De Kleisloot is een voormalig veenriviertje in de provincie Groningen, dat ontsprong bij een drietal veenmeertjes ten noorden van Harkstede. Het was een van de hoofdwatergangen van het Scharmerzijlvest en een van de bronrivieren van de Fivel.
De Kleisloot wordt mogelijk genoemd in 1370 als een kanaal dat de Weterlesne heette (met de Friese uitgang -lêsne 'lozing', dus 'waterlozing').[1] De naam Cleysloet wordt voor het eerst vermeld in 1471.[2] De Kleisloot neemt ter hoogte van Garmerwolde het water van de Oude Kwens op en verenigt zich bij Woltersum met de benedenloop van de Scharmer Ae. Hier sprak men in 1471 van den Nijen Cleysloet, nadat een meander bij Roeksweer was afgesneden (de horne die scleeps afgegraven is). Vroeger zette het riviertje zich voort als Lustigemaar om bij Ten Post in de Fivel uit te monden; dit tracé werd ook wel Waterlozing genoemd. De verdere loop is hier afbroken door de aanleg van het Eemskanaal rond 1870.

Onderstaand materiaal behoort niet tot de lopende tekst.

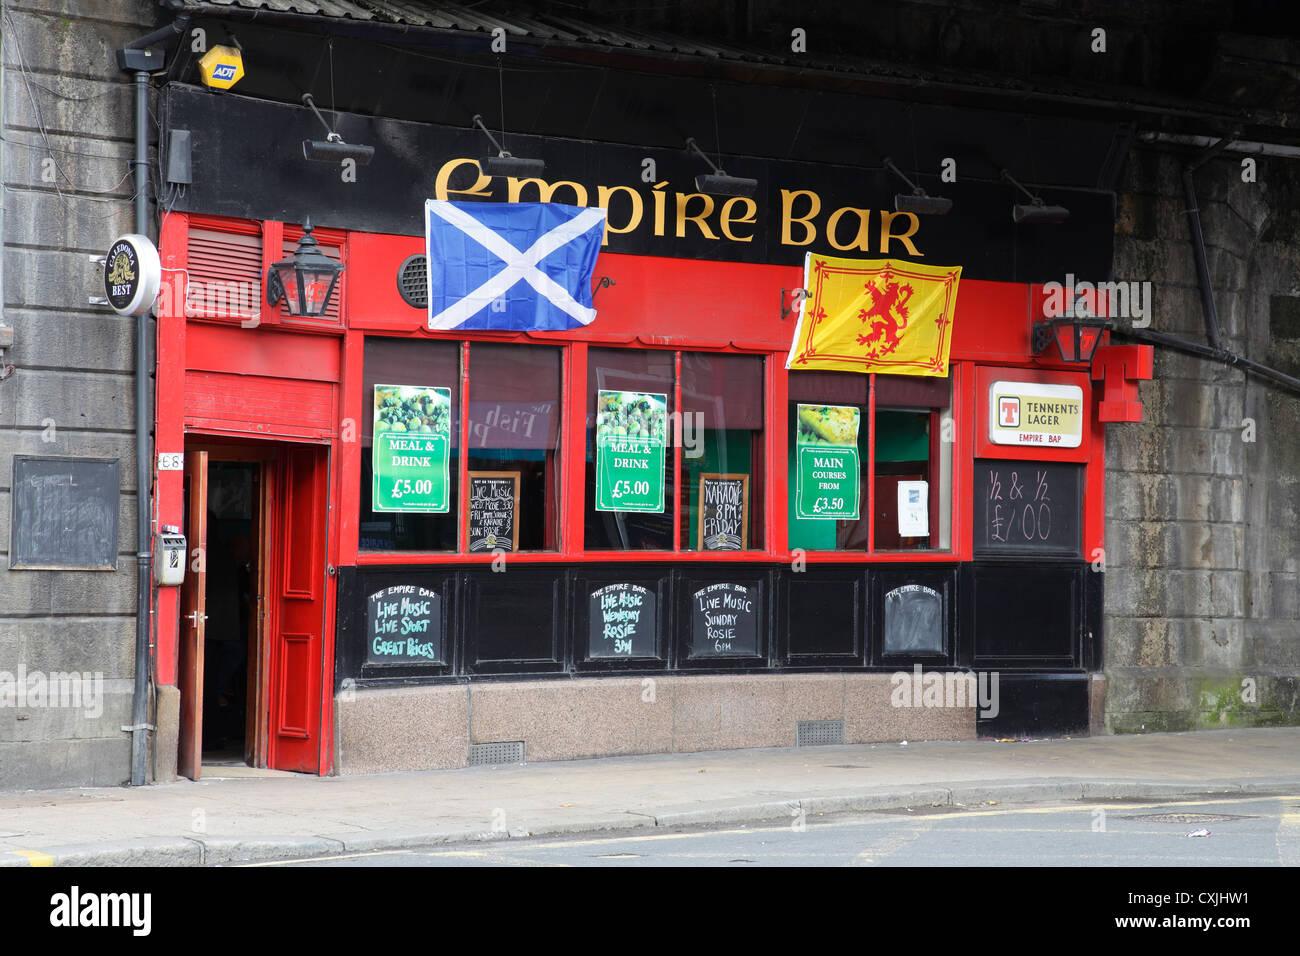 The Empire Bar on Saltmarket in the Merchant City area of Glasgow city centre, Scotland, UK - Stock Image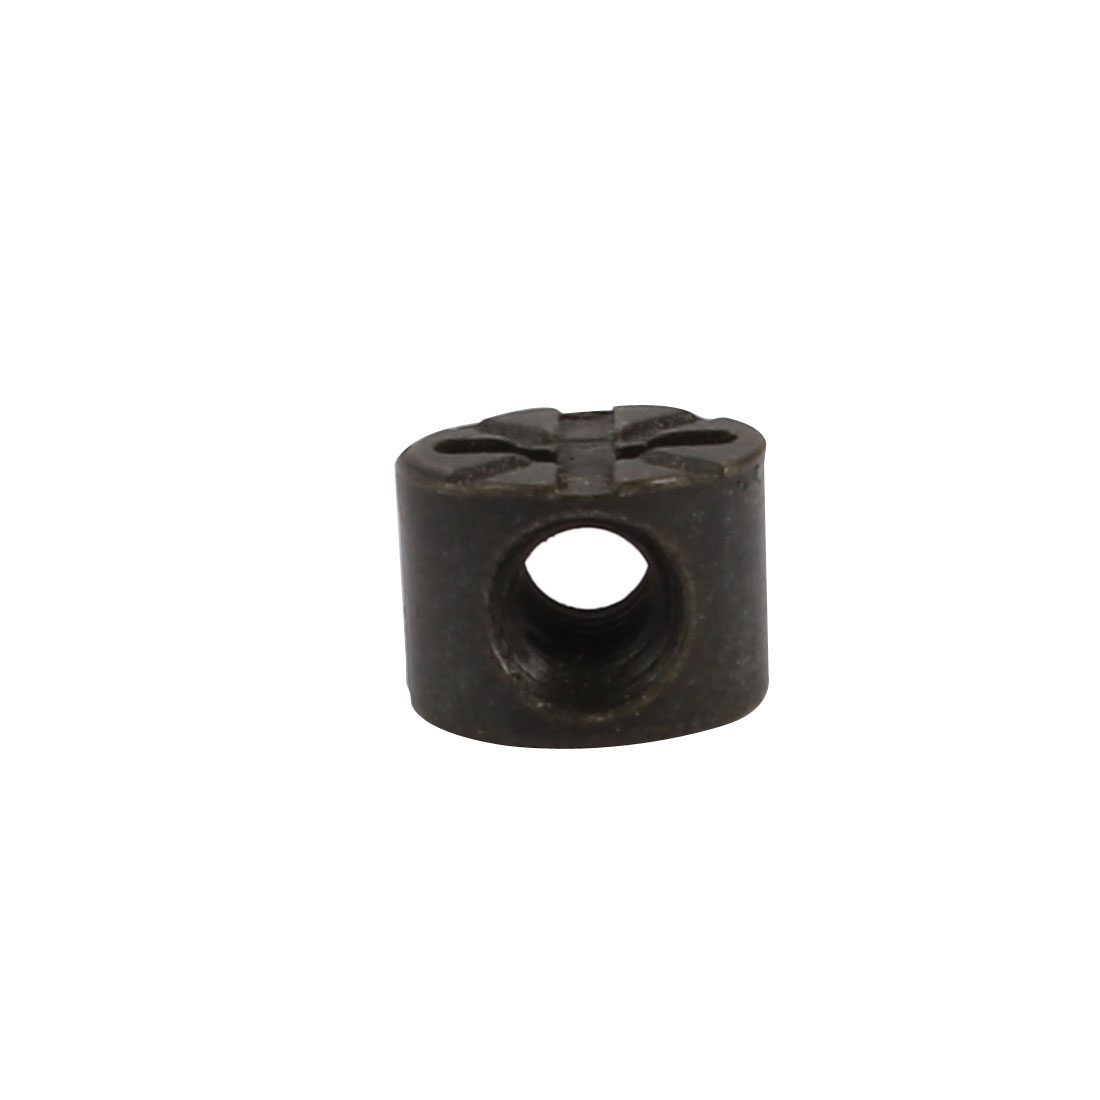 "40pcs 5/32"" Thread 7mm Length Zinc Alloy Pozidriv Drive Cross Dowel Nut Black - image 1 de 4"

Ter hoogte van de buurtschap Roeksweer verbreedde de Kleisloot zich tot een langgerekt meertje, dat Rietboor of Het Wijde (Lageland) heette en eigendom was van de aangrenzende landgebruikers. Sindes 1848 diende de Kleisloot als uitwatering voor de Groote Harkstederpolder.
Het document uit 1370 noemt daarnaast de Midelberghera Weterlesne, dat is de Euvelgunner Waterlozing te Middelbert, die via het Oldemaar of Oude Damstermaar (een voorloper van het Damsterdiep) bij Oosterdijkshorn uitmondde het Lustigemaar, de voortzetting van de Kleisloot. De Waterlozing is tevens de naam van een nog bestaand een afwateringskanaaltje in de Kloostermolenpolder tussen Ten Boer en Sint Annen.
Rond 1750 waterde het gebied ten westen van de Kleisloot bij Heidenschap via enkele poldermolens aan de Grasdijk uit in de richting van het Damsterdiep, zoals blijkt uit de kaarten van Theodorus Beckeringh. Dit gebied stond later bekend als de Heidenschapperpolder.
Ook de sloot langs de Bedumerweg in Groningen wordt vanouds als Kleisloot aangeduid.